And nothing I tried could get me out till I got Tech Help from Dell whom took me 2 steps further and that those tests showed him the HD was just fine. But a Hard reformat was the only other alternative.
I did just that put everything back on and bingo the computer lasted another 6 years, of which at that time I pieced it out and bought this iMac.


----------



## MNBobcat (Feb 4, 2011)

If the CPU temp runs hot you'll get a BSOD. It can happen before the computer shuts down to prevent damage to the CPU so don't assume because it didn't shut down that the CPU temp isn't the reason for the BSOD.

You can install something like Real Temp to see what the temperature is. You may just need to blow everything out to improve air flow. If you watch real temp and start running the PC hard and you see the temp rise and then it BSOD's then you'll know you found the problem.


----------



## MNBobcat (Feb 4, 2011)

A word of advise...be careful whom you listen to. If someone tells you to reformat your hard drive to fix a BSOD problem...run...very fast. Sure...it may fix the problem but you lose everything. I've never, ever, encountered a BSOD that I couldn't fix. Sometimes its a bad capacitor on the motherboard and then you may opt not to replace the motherboard. Other times its a driver conflict, a problem with heat, etc. But the bottom line is reformatting and re-installing windows is the absolute last resort. I don't care if its DELL telling you to do that -- don't listen to them.

The Geek Squad guys aren't very competent. They run scripts on your computer. If the script doesn't fix it, the only thing they know how to do is reformat and reload windows.

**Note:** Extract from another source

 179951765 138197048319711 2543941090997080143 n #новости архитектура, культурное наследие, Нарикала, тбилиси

If you can't debug and fix the BSOD yourself...take it to someone. If they suggest reformatting...don't pay them and take it somewhere else.

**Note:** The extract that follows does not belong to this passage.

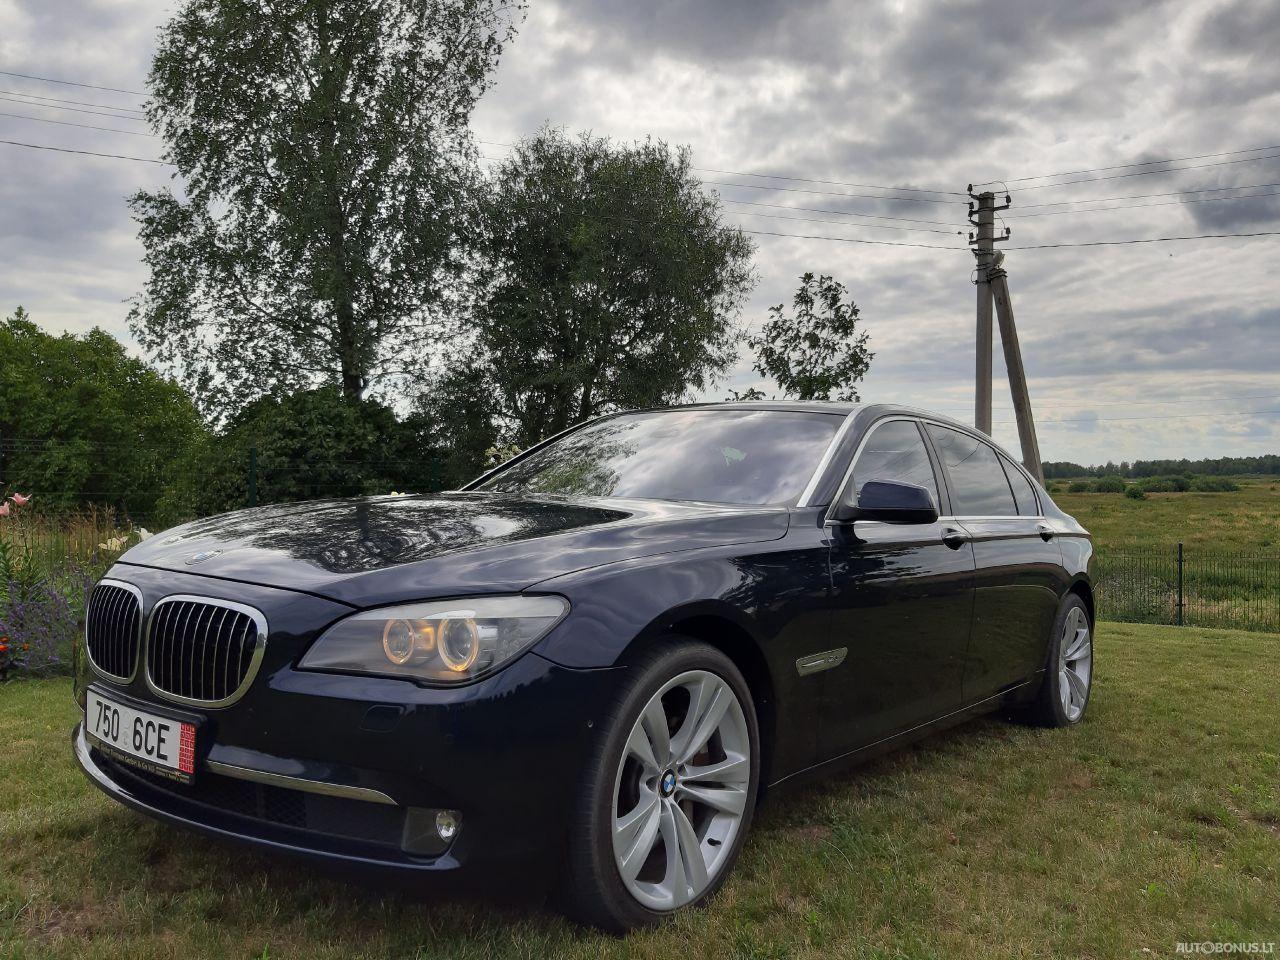 BMW 750, 4.4 l., Седан

If you think its software, then my suggestion (given restore didn't roll it back far enough) is to set a restore point. Back up your hard drive. Then use SYSTEM REPAIR. That will check the OS files for problems.

Also, if configured, the BSOD will write a log file to c:/windows/minidump Open that file and find the error code...then google it and see what the typical cause may be. That will give you some clues.

I just googled to find you some help. read this for info on how to debug I don't have the time to help you further but this should get you headed in the right direction. Good luck!


----------



## arabian knight (Dec 19, 2005)

MNBobcat said:


> A word of advise...be careful whom you listen to. If someone tells you to reformat your hard drive to fix a BSOD problem...run...very fast. Sure...it may fix the problem but you lose everything. I've never, ever, encountered a BSOD that I couldn't fix. Sometimes its a bad capacitor on the motherboard and then you may opt not to replace the motherboard. Other times its a driver conflict, a problem with heat, etc. But the bottom line is reformatting and re-installing windows is the absolute last resort. I don't care if its DELL telling you to do that -- don't listen to them.
> 
> The Geek Squad guys aren't very competent. They run scripts on your computer. If the script doesn't fix it, the only thing they know how to do is reformat and reload windows.
> 
> ...


 This guy was good at Dell. Sure I knew I would lose everything, but he took me through 6 tests in DOS mode and there was nothing left to do.
This guy REALLY cared and really wanted to help me and he did a great job.
He told me what and how to reinstall and even CALLED ME BACK a few hours later to make SURE I had the machine back up and running. That was cool~!
And yes I know that should be the very last thing a person should do and the last resort, but in MY CASE it was the correct thing to go through as the machine lasted another 7 years without any problems at all, and I deleted programs the correct way after that. LOL

That is why you have BACKUPS around and discs for everything to reinstall with. Now with this iMac I have a external HD that I make backups to the mini drive of the entire HD is backed up on the mini external drive. Works great. 
And I have all disc for those Just In Case Situations.


----------



## MNBobcat (Feb 4, 2011)

arabian knight said:


> This guy was good at Dell. Sure I knew I would lose everything, but he took me through 6 tests in DOS mode and there was nothing left to do.
> This guy REALLY cared and really wanted to help me and he did a great job.
> He told me what and how to reinstall and even CALLED ME BACK a few hours later to make SURE I had the machine back up and running. That was cool~!
> And yes I know that should be the very last thing a person should do and the last resort, but in MY CASE it was the correct thing to go through as the machine lasted another 7 years without any problems at all, and I deleted programs the correct way after that. LOL
> ...


As long as you realize it could have been fixed without re-installing windows and would have still been good for those 7 years. What it came down to was DELL couldn't fix it and neither could you... You had the option to take it to someone who could fix it or reinstall windows. The choice becomes which of the two options is the least painful to you.


----------



## arabian knight (Dec 19, 2005)

I did it the easy way, nothing wrong with that, and for FREE. Why in the world would I travel over 50 miles and pretty much have to leave MY COMPUTER.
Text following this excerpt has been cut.